Article Reporterre, rédigé par Florence Quille le 22 novembre 2022.
Confrontés aux fermetures, les habitants d'un village anglais ont repris le centre social, la bibliothèque, l'épicerie et le pub. Faisant de Trawden le seul village autogéré de Grande-Bretagne.
En 2014, Trawden a bien failli devenir une cité-dortoir comme tant d'autres dans cette région verdoyante du nord-ouest de l'Angleterre. Commerces fermés, services publics supprimés, ce village de 2 500 âmes semblait voué au déclin avec la crise du textile. La fermeture du centre social a eu l'effet d'un électrochoc. « Nous avons senti que c'était une ligne rouge. Il fallait réagir. Notre esprit communautaire n'y survivrait pas », raconte Steven Wilcock, figure locale du village qui a pris la tête de la fronde.
Les résidents de cette région ont alors racheté au Comté le vieux bâtiment pour la somme symbolique de 1 Pound et ont retroussé leurs manches. Les travaux étaient considérables tant la bâtisse était vétuste. De chantiers collectifs en journées caritatives pour lever des fonds, les habitants ont mis deux ans au total pour mener à bien l'opération.
Aujourd'hui, le centre communautaire flambant neuf accueille de multiples activités : tai chi, yoga, gymnastique, réunions scouts... Géré par une équipe de bénévoles, il est autosuffisant grâce à la location de la salle des fêtes et du bar attenant pour des réunions familiales ou des évènements festifs, comme le salon de l'artisanat ou le festival de la bière. Les bénéfices permettent de financer les activités sociales : repas de l'amitié proposé chaque quinzaine aux aînés du village et autres activités conviviales.
Dopés par cette première expérience d'autogestion, les résidents ont décidé d'ouvrir une boutique à la place de l'ancienne bibliothèque et du centre maternel, tous deux fermés depuis de nombreuses années. Mais la négociation avec les responsables du Comté de Lancashire s'est avérée plus rude que prévu. « Ils avaient des vues sur le terrain pour bâtir un lotissement de luxe et refusaient de nous le céder », déplore Steven Wilcock, dont la famille est installée ici depuis trois générations. Il a fallu deux années d'âpres pourparlers pour décrocher enfin un bail de location de 125 ans, à titre gracieux.
Malgré les prix plus élevés qu'en ville, les clients sont assidus. Les affaires marchent tellement bien que le magasin a pu embaucher un salarié pour coordonner les équipes et assurer les livraisons en van électrique.
Mais en 2021, nouveau coup dur pour le village : les propriétaires du Trawden Arms, dernier pub du village, ont annoncé leur départ à la retraite et la fermeture de l'établissement. « Voir le pub fermé avec toutes ses lumières éteintes était déjà triste.
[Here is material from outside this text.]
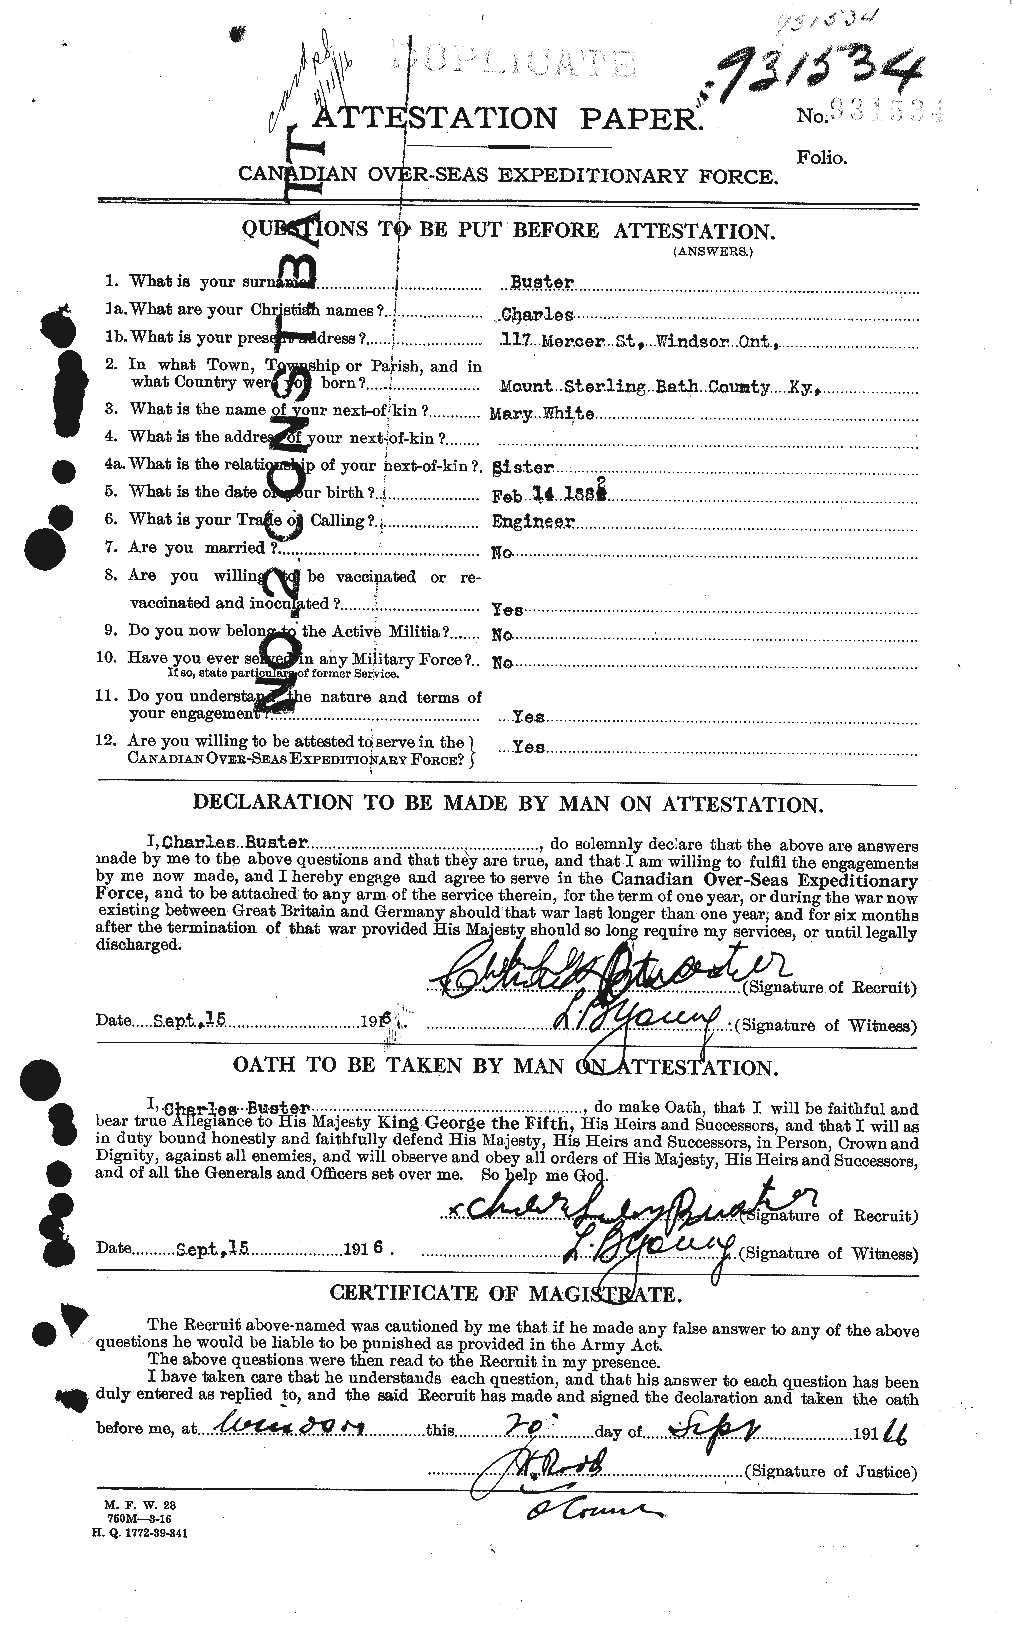 Dossiers du Personnel de la Première Guerre mondiale - CEC 274659a

Imaginer qu'il ne rouvrirait pas était impensable », confie un habitué. Après une phase d'abattement, les habitants se sont ressaisis. Ils ont eu quatre mois pour réunir les 450 000 Livres nécessaires à l'achat. Une somme colossale.
Comme à chaque fois, les résidents ont fait appel aux bonnes volontés. Des spécialistes en communication, sites internet et business plan ont rejoint le comité de pilotage et se sont réunis chaque semaine sur Zoom. L'initiative a été relayée dans toute l'Angleterre et les fonds ont afflué. Loterie nationale, quotidien anglais local... chacun a apporté son obole. Les habitants ont aussi mis la main à la poche : 460 d'entre eux ont investi dans l'opération. Quatre jours avant l'échéance, la somme a été réunie. « C'est incroyable l'engouement qu'a suscité cette opération », s'étonne encore Steven Wilcock.
Avec un peu d'audace et beaucoup d'obstination, les habitants de Trawden ont réussi à sauver l'atmosphère particulière de leur village. Grâce à une armée de volontaires qui entretiennent les sentiers et les jardinières, font tourner boutiques et bibliothèque, animent le centre communautaire, ils cultivent un vivre ensemble précieux, fait d'engagement social et de convivialité. Le modèle fait rêver et les visiteurs viennent de tout le pays rencontrer ces pionniers de l'autogestion dans l'espoir d'appliquer les mêmes recettes chez eux. Mais l'expérience est-elle reproductible ? Sans doute. Les pubs communautaires se sont multipliés ces dernières années. On en dénombre aujourd'hui 130 dans le pays.